Validation accuracy is about one percentage point better.

**Question 1:** Why do you think the benefit of adding an attention layer is not larger?

[Return to Top](#returnToTop)  
<a id = 't5Example'></a>

## 3. T5

Now we turn to text generation with transformers. The T5 system was introduced [here](https://arxiv.org/pdf/1910.10683.pdf).  This model uses both the encoder and the decoder configurations of transformers and connects them together.  A big difference with this model is that it designed to accept text as an input and produce text as an output for a number of different tasks ranging from summarization and question answering to classification.  The system needs to be told which task to perform as the first part of the input text.  Be sure to look in *Appendix D* of the paper to see a complete set of the tasks that T5 base and large checkpoints can perform right out of the box and the data used to train them.
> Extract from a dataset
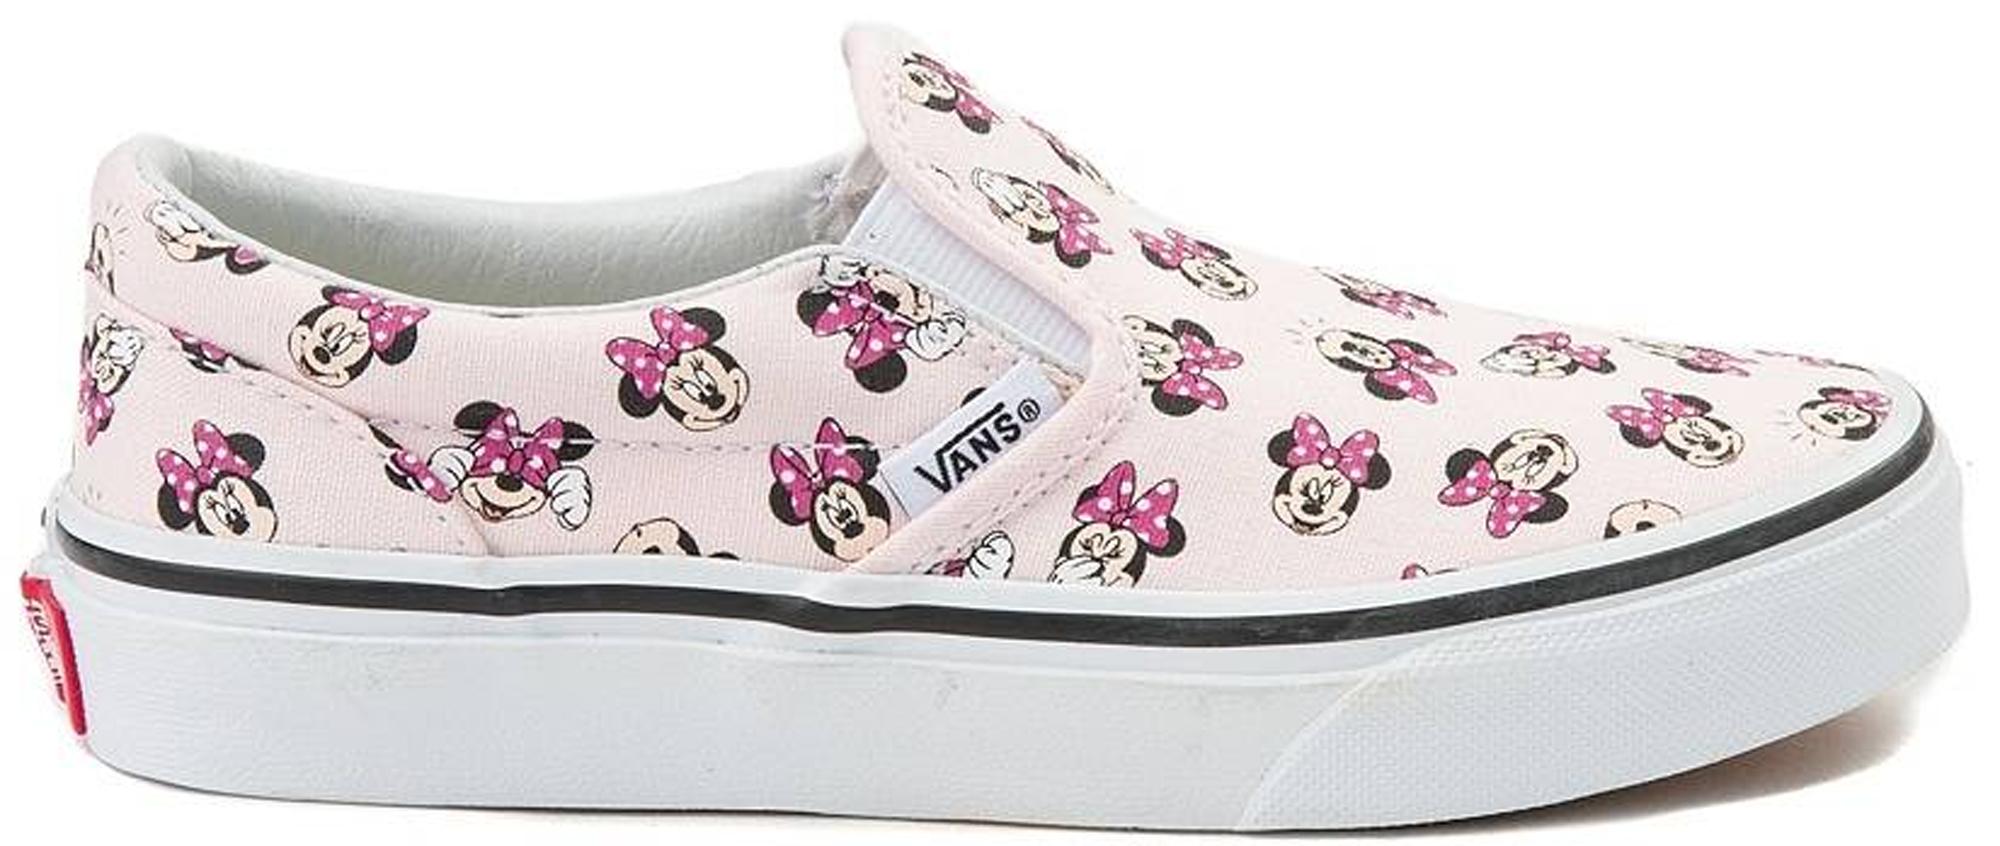 Vans Slip-On Disney Minnie Mouse (PS

Let's play a bit with Huggingface's (Large) implementation of T5.

In [None]:
t5_model = TFT5ForConditionalGeneration.from_pretrained('t5-large')
t5_tokenizer = T5Tokenizer.from_pretrained('t5-large')

t5_model.summary()

Downloading (…)lve/main/config.json:   0%|          | 0.00/1.21k [00:00<?, ?B/s]

Downloading (…)"tf_model.h5";:   0%|          | 0.00/2.95G [00:00<?, ?B/s]

All model checkpoint layers were used when initializing TFT5ForConditionalGeneration.

All the layers of TFT5ForConditionalGeneration were initialized from the model checkpoint at t5-large.
If your task is similar to the task the model of the checkpoint was trained on, you can already use TFT5ForConditionalGeneration for predictions without further training.


Downloading (…)neration_config.json:   0%|          | 0.00/147 [00:00<?, ?B/s]

Downloading (…)ve/main/spiece.model:   0%|          | 0.00/792k [00:00<?, ?B/s]

Model: "tft5_for_conditional_generation"
_________________________________________________________________
 Layer (type)                Output Shape              Param #   
 shared (Embedding)          multiple                  32899072  
                                                                 
 encoder (TFT5MainLayer)     multiple                  334939648 
                                                                 
 decoder (TFT5MainLayer)     multiple                  435627520 
                                                                 
Total params: 737,668,096
Trainable params: 737,668,096
Non-trainable params: 0
_________________________________________________________________


For now, this behavior is kept to avoid breaking backwards compatibility when padding/encoding with `truncation is True`.
- Be aware that you SHOULD NOT rely on t5-large automatically truncating your input to 512 when padding/encoding.
- If you want to encode/pad to sequences longer than 512 you can either instantiate this tokenizer with `model_max_length` or pass `max_length` when encoding/padding.


737 m trainable parameters. Quite a lot. 

Let's create a short text to use as an example.

In [None]:
ARTICLE = ("Oh boy, what a lengthy and cumbersome excercise this was. " \
           "I had to look into every detail, check everything twice, " \
           " and then compare to prior results. Because of this tediousness " \
           " and extra work my homework was 2 days late.")

Next, we need to specify the task we want T5 to perform and include it at the begining of the input text.  We add a task prompt to the begining of our input.  Because we are summarizing, we add the word *summarize:* to the begining of our input.

In [None]:
t5_input_text = "summarize: " + ARTICLE
t5_inputs = t5_tokenizer([t5_input_text], return_tensors='tf')

First, we will generate a summary using the default output options.

In [None]:
t5_summary_ids = t5_model.generate(t5_inputs['input_ids'])

print([t5_tokenizer.decode(g, skip_special_tokens=True,
                           clean_up_tokenization_spaces=False)
       for g in t5_summary_ids])



['homework was a lengthy and cumbersome excercise . because of this tedious']


Not great. But let's get more sophisticated and prescribe a minimum length and use beam search to generate multiple outputs.  We also indicate the maximum length the output should be.  Finally, in order to reduce repetitive output we tell the model to avoid output that repeats trigrams (three word groupings).

In [None]:
t5_summary_ids = t5_model.generate(t5_inputs['input_ids'],
                                   num_beams=3,
                                   no_repeat_ngram_size=3,
                                   min_length=20,
                                   max_length=40)
                             
print([t5_tokenizer.decode(g, skip_special_tokens=True, 
                           clean_up_tokenization_spaces=False) for g in t5_summary_ids])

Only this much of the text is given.